Pursuant to the Credit Agreement Amendment, the commitment fee on unused borrowings under the revolving credit facility portion of the Credit Agreement was increased to 1.0% per year, payable monthly. Also, as of May 20, 2009, the interest rate margin applicable to loans made under the Credit Agreement was increased to 4.0% in excess of LIBOR (as defined in the Credit Agreement Amendment) rate or 3.0% in excess of the Base Rate (as defined in the Credit Agreement Amendment), as selected by the Company. Giving effect to the increase in the interest rate margins, and after taking into account the elimination of the 2% interest rate penalty no longer payable as a result of the waiver of the deemed default, as of March 31, 2009, the weighted average interest rate on amounts outstanding under the Credit Agreement would have been 5.09%.
The Credit Agreement Amendment also provides for certain modifications to the approval rights of the lenders thereunder as it relates to approving future amendments thereto, and authorizes GE, as Agent, to exercise certain control over the Company's bank accounts.
Notwithstanding the foregoing, however, the Company cannot provide any assurances that it will be successful in obtaining an extension of the waiver described above, or any additional waivers, beyond June 20, 2009, or that the lenders under the Credit Agreement would grant any waivers, or enter into any amendments, with respect to defaults under the Credit Agreement that may arise in the future.
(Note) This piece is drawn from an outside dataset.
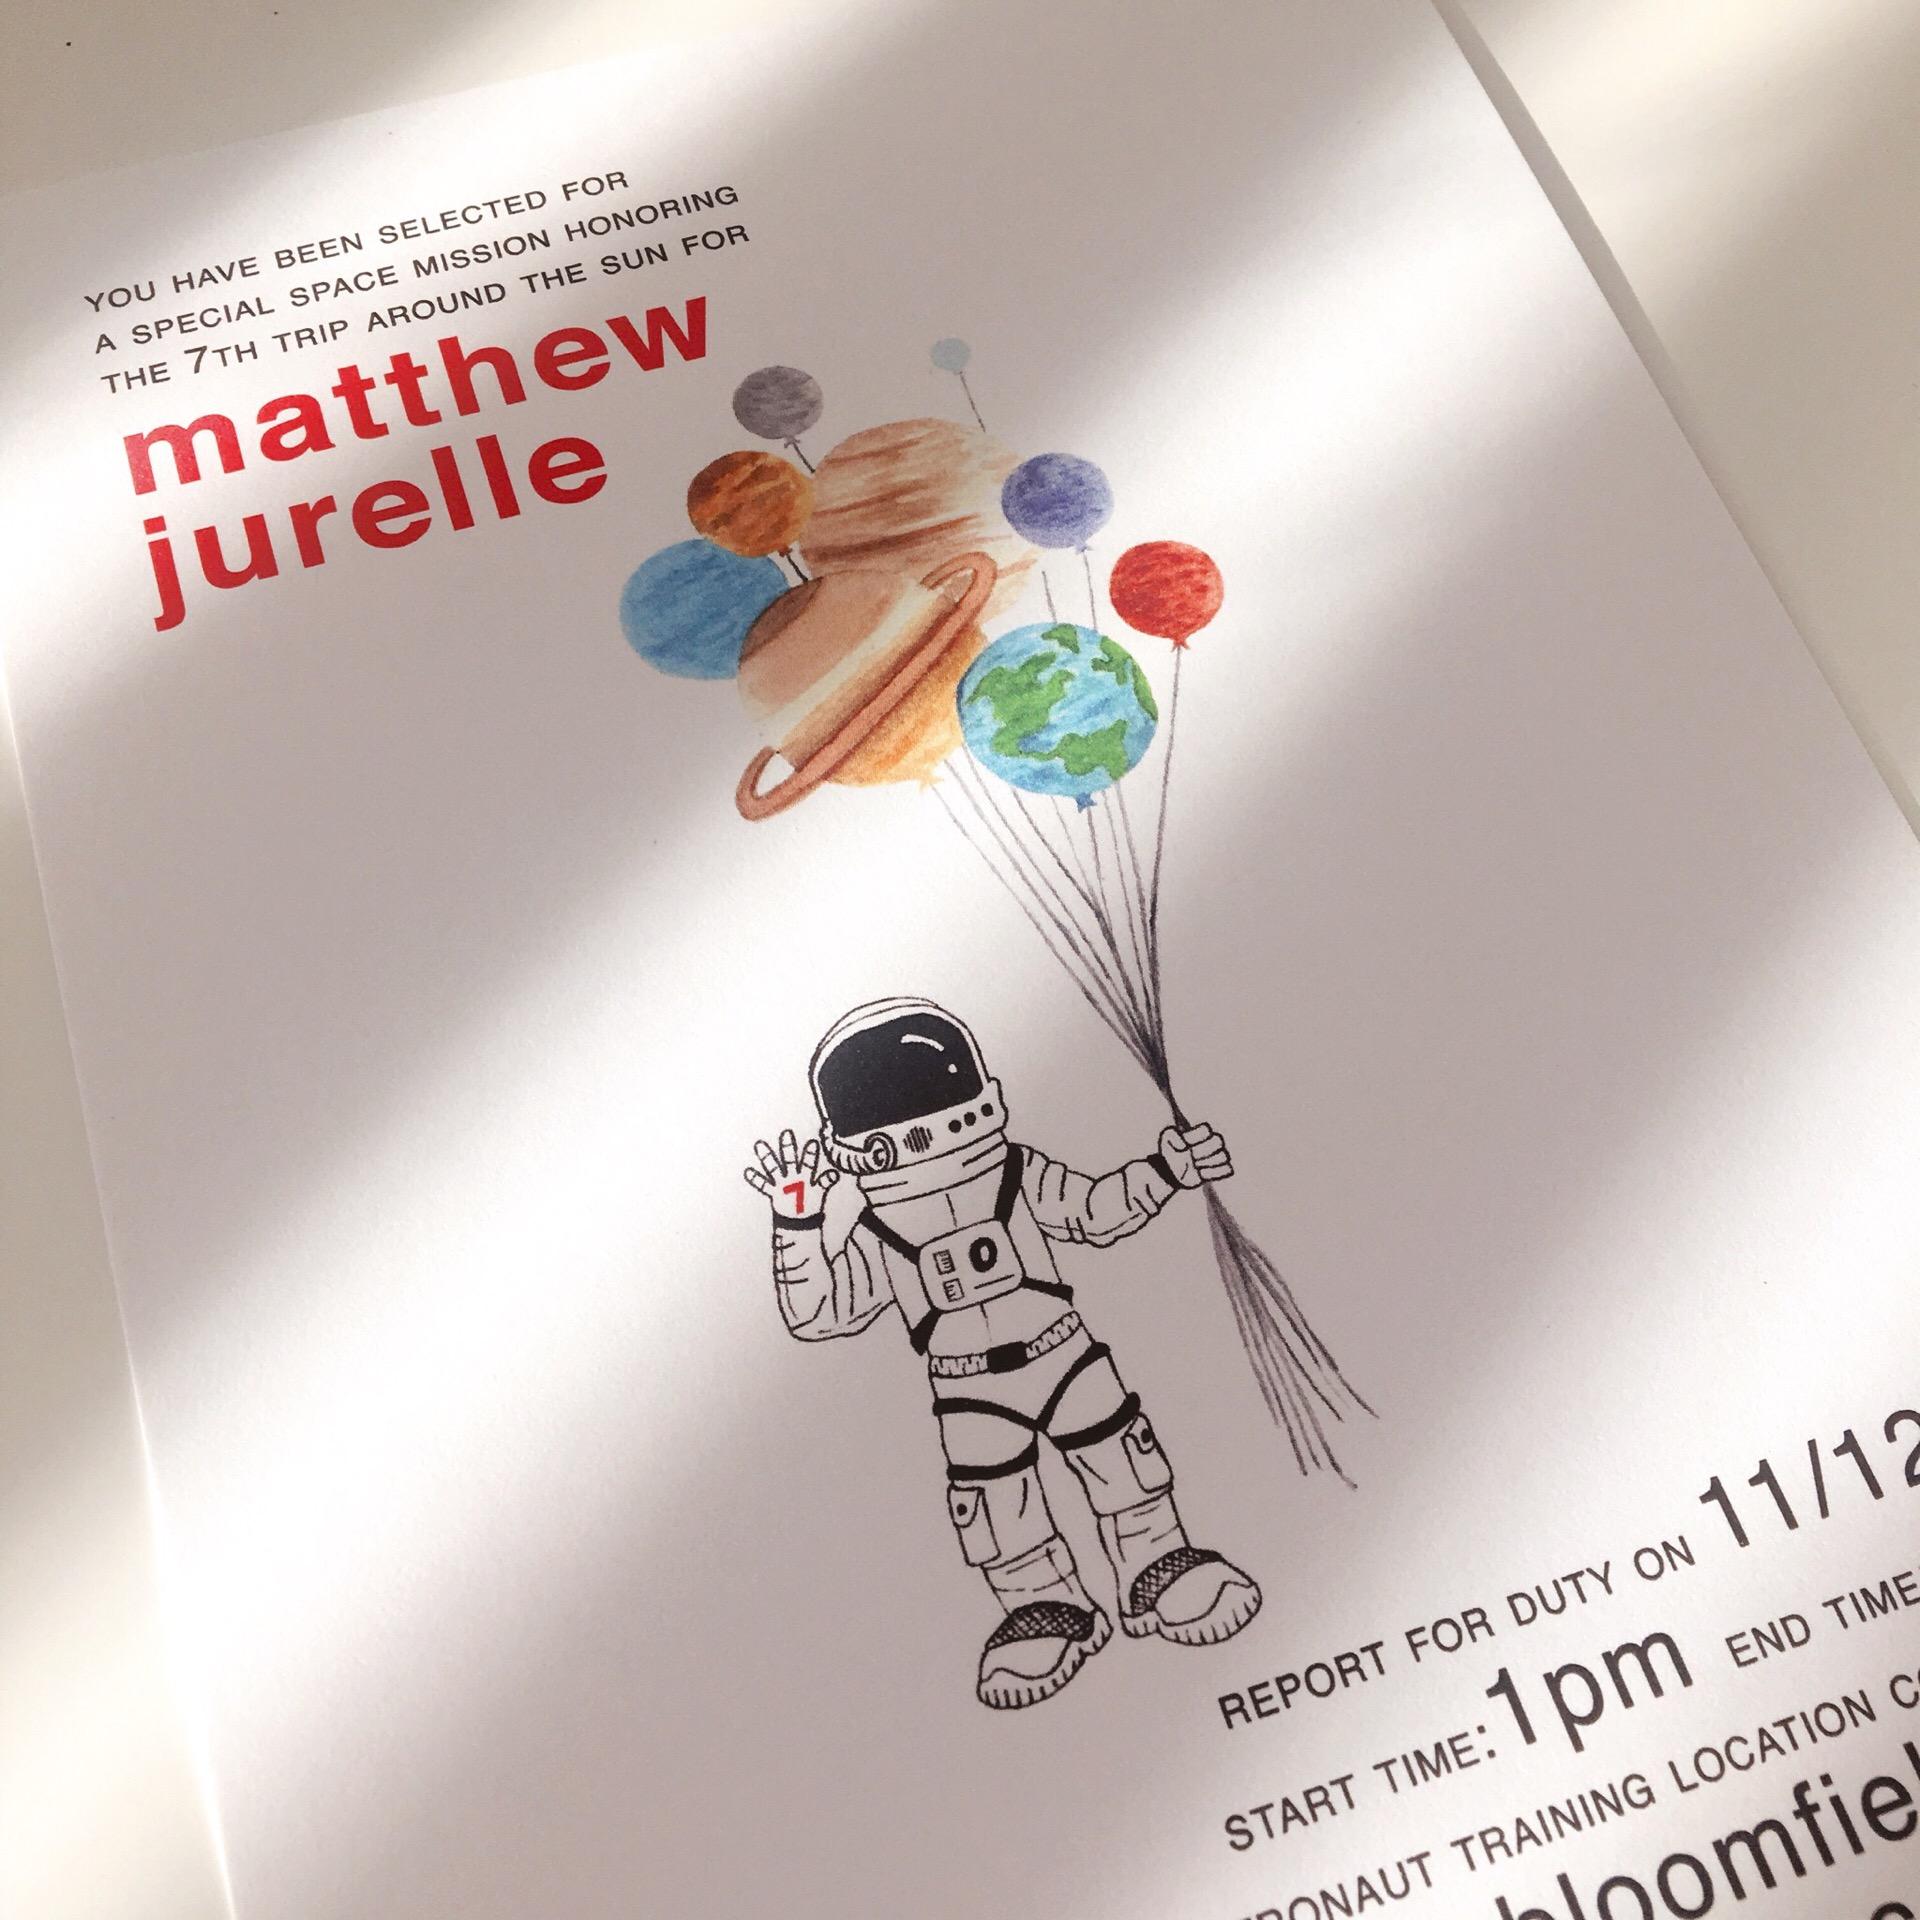 Solar System Astronaut Birthday Invitation.JPG

The failure by the Company to obtain any necessary extensions, additional waivers or other amendments or modifications on commercially reasonable terms, on a timely basis, or at all, could result in severe liquidity issues and may delay or make impossible the implementation of the Company's strategy, and may materially adversely affect its financial condition and results of operations as well as its ability to operate as a going-concern.